Chains(value::Vector{T};
start::Integer=1, thin::Integer=1,
names::U="Param1", chains::Integer=1) where {T<:Real, U <: AbstractString}

Construct a Chains object that stores MCMC sampler output.

Returns an object of type Chains.

• iters: total number of iterations in each sampler run, of which length(start:thin:iters) outputted iterations will be stored in the object.

• params: number of parameters to store.

• value: array whose first, second (optional), and third (optional) dimensions index outputted iterations, parameter elements, and runs of an MCMC sampler, respectively.

• start: number of the first iteration to be stored.

• thin: number of steps between consecutive iterations to be stored.

• chains: number of simulation runs for which to store output, or indices to the runs (default: 1, 2, …).

• names: names to assign to the parameter elements (default: "Param1", "Param2", …).

Base.read(name::AbstractString, ::Type{T}) where {T<:AbstractChains}

Read a chain from an external file.

Returns an AbstractChains subtype read from an external file.

• name : file to read or write. Recommended convention is for the file name to be specified with a .jls extension.

• T : chain type to read.

• c : chain to write.

Base.write(name::AbstractString, c::AbstractChains)

Write a chain to an external file.

Returns a written external file containing a subtype.

• name : file to read or write. Recommended convention is for the file name to be specified with a .jls extension.

• T : chain type to read.

• c : chain to write.

readcoda(output::AbstractString, index::AbstractString)

Read MCMC sampler output generated in the CODA format by OpenBUGS. The function only retains those sampler iterations at which all model parameters were monitored.

Returns a Chains object containing the read sampler output.

• output : text file containing the iteration numbers and sampled values for the model parameters.

• index : text file containing the names of the parameters, followed by the first and last rows in which their output can be found in the output file.

to_file(model::ModelChains, outpath::AbstractString)

This function writes the results of the MCMC runs into files. The destination of the files is specified using outpath. It will create a files for each chain. A params_x.log file storing each parameter sample. In this case x specifies the index of the chain. The file is compatible with MCMC analysis tools like Tracer (http://tree.bio.ed.ac.uk/software/tracer/). If in addition trees are sampled, they are stored in newick format in a file called trees_x.nwk, where x again specifies the index of the respective chain.

discretediag(c::AbstractChains; frac::Real=0.3,
              method::Symbol=:weiss, nsim::Int=1000)

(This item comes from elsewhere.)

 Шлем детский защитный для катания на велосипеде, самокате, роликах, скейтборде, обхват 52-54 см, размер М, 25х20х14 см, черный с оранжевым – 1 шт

Compute the convergence diagnostic for a discrete variable. Several options are available by choosing method to be one of :hangartner, :weiss, :DARBOOT, MCBOOT, :billinsgley, :billingsleyBOOT. The first four are based off of Pearson’s chi-square test of homogeneity. The diagnostic tests whether the proportion of the categories of the discrete variable are similar in each chain. The last two methods test whether the transition probabilities between each category are similar between each chain. Along with a between chain assessment of convergence, a within-chain assessment is carried out by comparing a specified fraction (frac), or window, of the beginning of a chain to the specified fraction of the end of the chain. For within-chain assessment, users should ensure that there is sufficient separation between the windows to assume that their samples are independent. A non-significant test p-value indicates convergence. Significant p-values indicate non-convergence and the possible need to discard initial samples as a burn-in sequence or to simulate additional samples.

A ChainSummary type object with parameters contained in the rows of the value field. The first three columns correspond to the test statistic, degrees of freedom, and p-value of the between-chain assessment. The next columns are the test statistic, degrees of freedom, and p-value for each chain of the within-chain assessment.

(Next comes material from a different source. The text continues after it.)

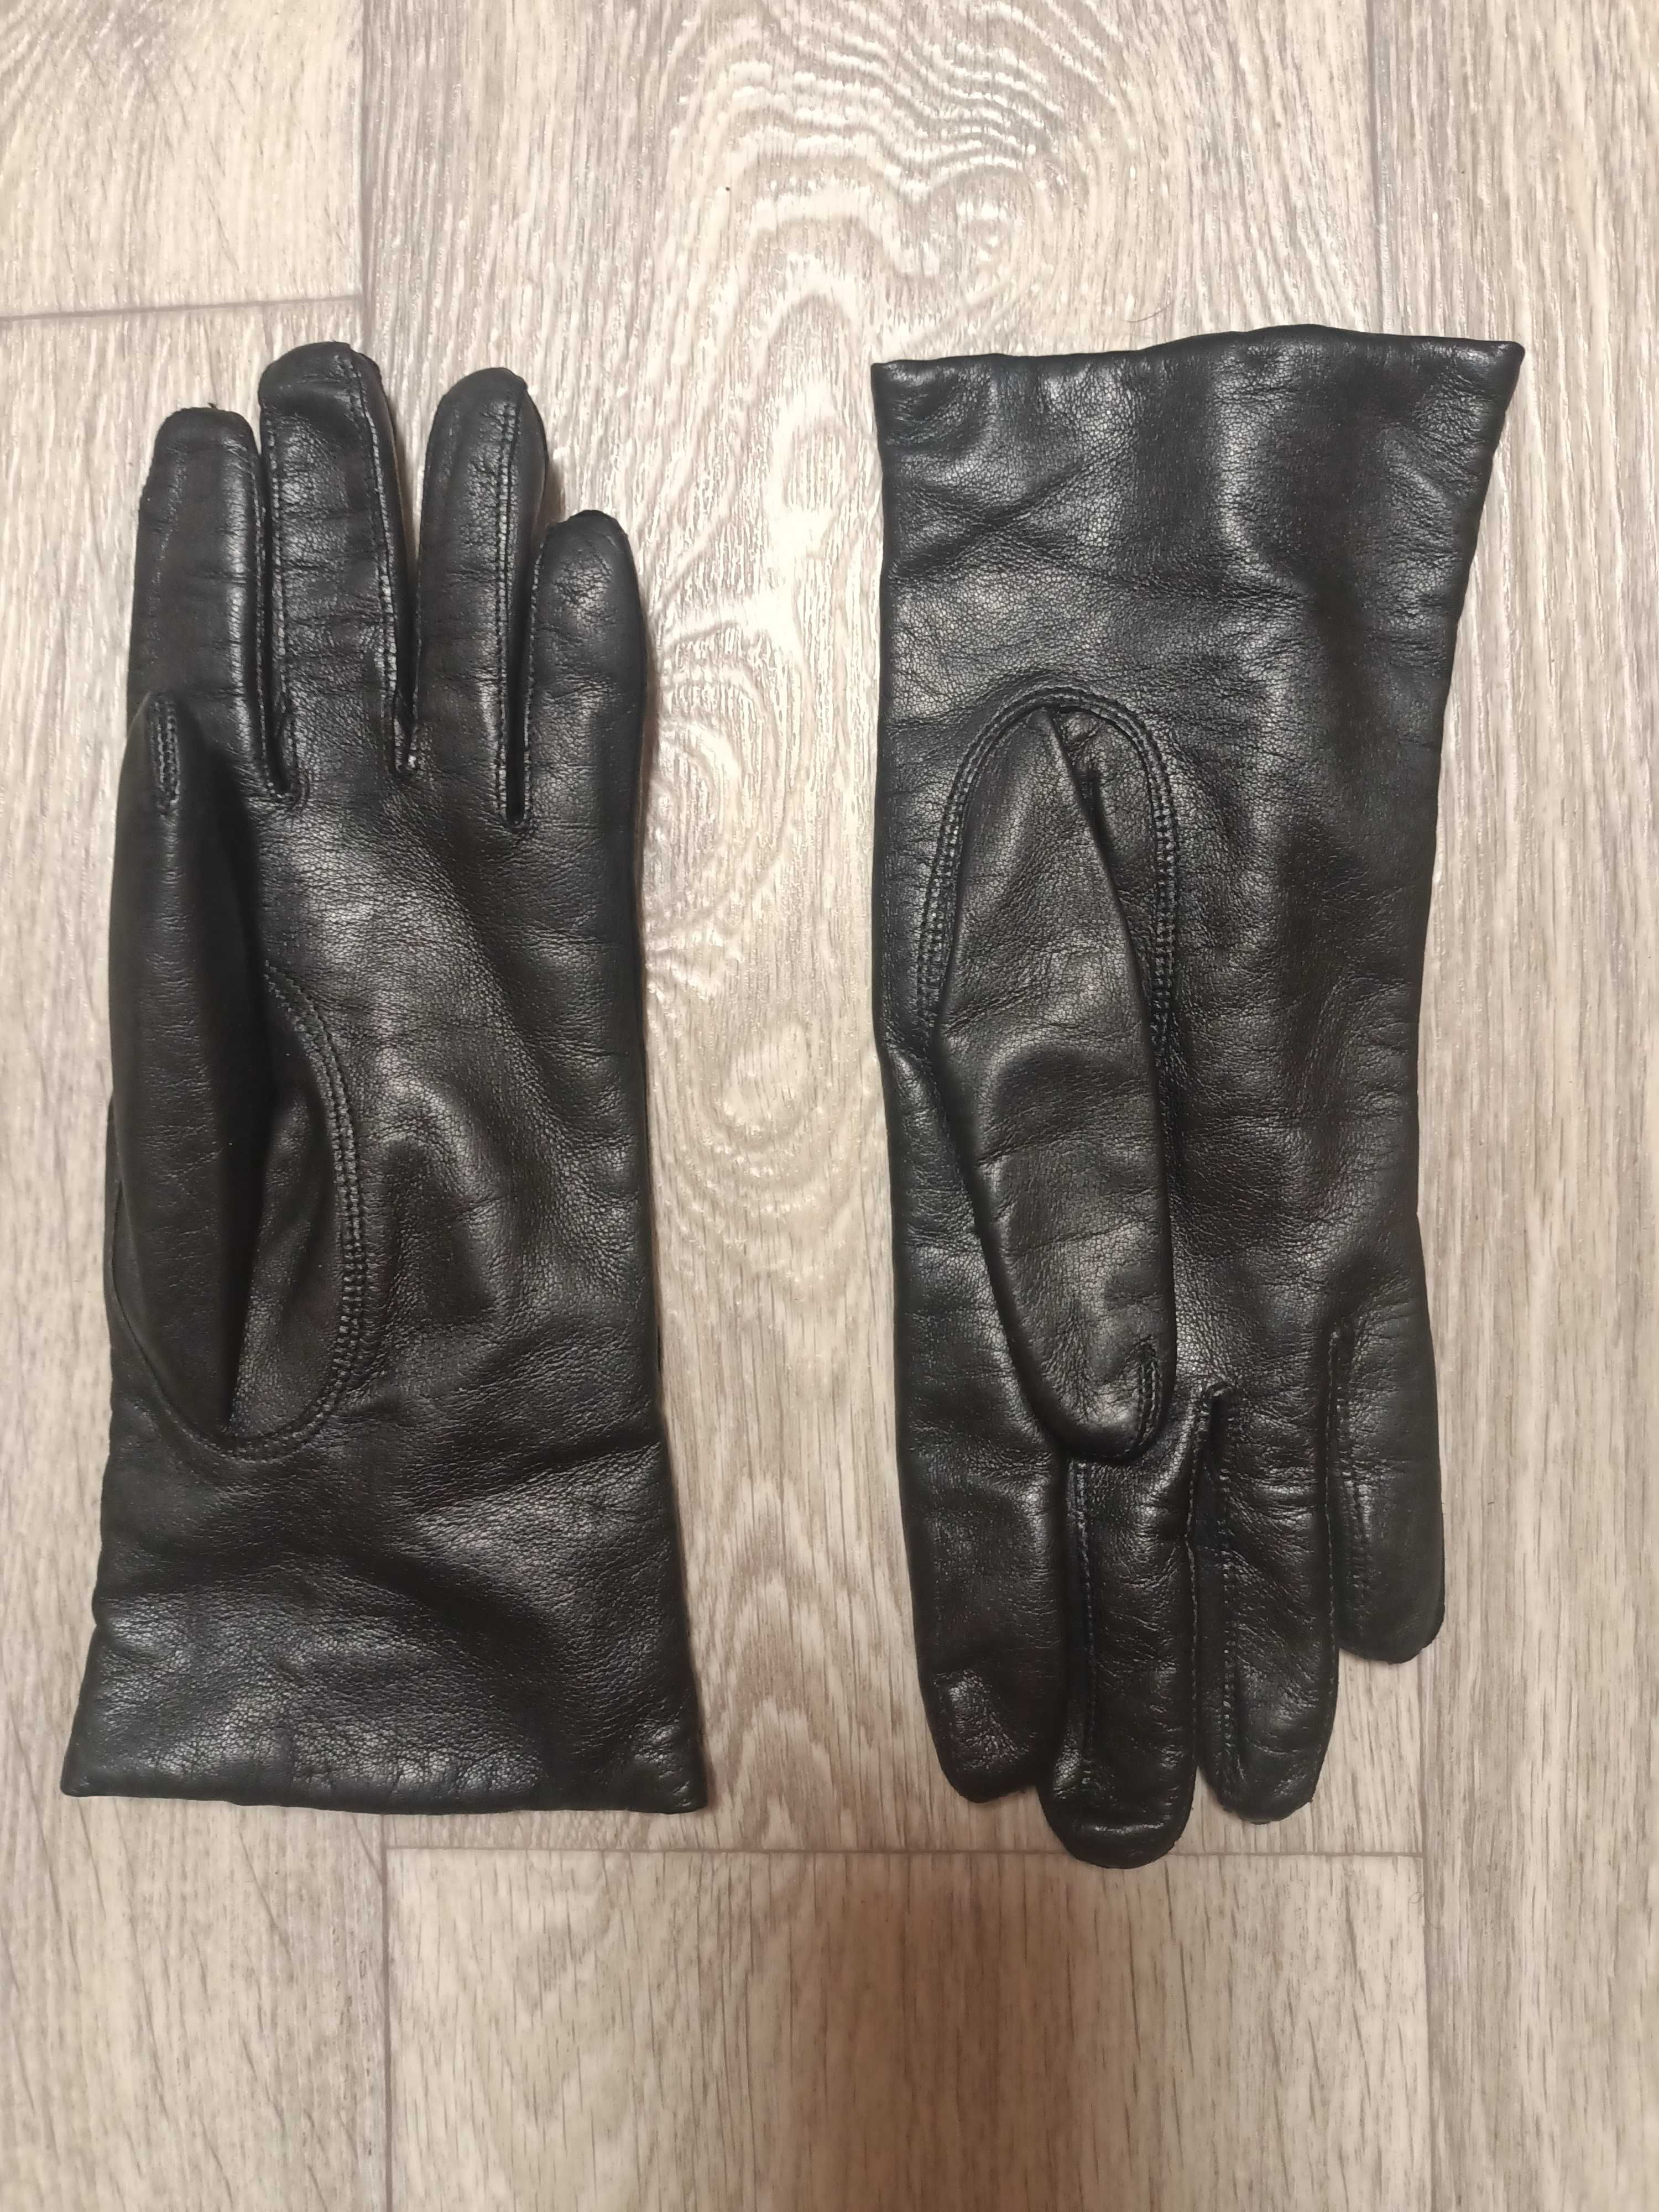 Перчатки кожаные женские 7 размер S Франція

• c : sampler output on which to perform calculations.

• frac : proportion of iterations to include in the first window.

• method : Specify which method to use. One of :hangartner, :weiss, :DARBOOT, MCBOOT, :billinsgley, :billingsleyBOOT`.

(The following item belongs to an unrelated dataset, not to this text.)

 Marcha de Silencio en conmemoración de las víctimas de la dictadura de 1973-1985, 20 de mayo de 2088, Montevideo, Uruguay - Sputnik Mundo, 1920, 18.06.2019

• nsim : For the bootstrap methods (:DARBOOT, :MCBOOT, and :billingsleyBOOT) the number of bootstrap simulations.

gelmandiag(c::AbstractChains; alpha::Real=0.05, mpsrf::Bool=false,
            transform::Bool=false)

Compute the convergence diagnostics of Gelman, Rubin, and Brooks for MCMC sampler output. The diagnostics are designed to asses convergence of posterior means estimated with multiple autocorrelated samples (chains). They does so by comparing the between and within-chain variances with metrics called potential scale reduction factors (PSRF). Both univariate and multivariate factors are available to assess the convergence of parameters individually and jointly. Scale factors close to one are indicative of convergence. As a rule of thumb, convergence is concluded if the 0.975 quantile of an estimated factor is less than 1.2. Multiple chains are required for calculations. It is recommended that at least three chains be generated, each with different starting values chosen to be diffuse with respect to the anticipated posterior distribution. Use of multiple chains in the diagnostic provides for more robust assessment of convergence than is possible with single chain diagnostics.

Returns a ChainSummary type object of the form:

struct ChainSummary
  value::Array{Float64, 3}
  rownames::Vector{AbstractString}
  colnames::Vector{AbstractString}
  header::AbstractString
end

with parameters contained in the rows of the value field, and scale reduction factors and upper-limit quantiles in the first and second columns.

• c : sampler output on which to perform calculations.

• alpha : quantile (1 - alpha / 2) at which to estimate the upper limits of scale reduction factors.

• mpsrf : whether to compute the multivariate potential scale reduction factor. This factor will not be calculable if any one of the parameters in the output is a linear combination of others.

• transform : whether to apply log or logit transformations, as appropriate, to parameters in the chain to potentially produce output that is more normally distributed, an assumption of the PSRF formulations.

gewekediag(x::Vector{T}; first::Real=0.1, last::Real=0.5,
            etype=:imse, args...) where {T<:Real}

gewekediag(c::AbstractChains; first::Real=0.1, last::Real=0.5,
            etype=:imse, args...)

Compute the convergence diagnostic of Geweke [37] for MCMC sampler output. The diagnostic is designed to asses convergence of posterior means estimated with autocorrelated samples. It computes a normal-based test statistic comparing the sample means in two windows containing proportions of the first and last iterations. Users should ensure that there is sufficient separation between the two windows to assume that their samples are independent. A non-significant test p-value indicates convergence. Significant p-values indicate non-convergence and the possible need to discard initial samples as a burn-in sequence or to simulate additional samples.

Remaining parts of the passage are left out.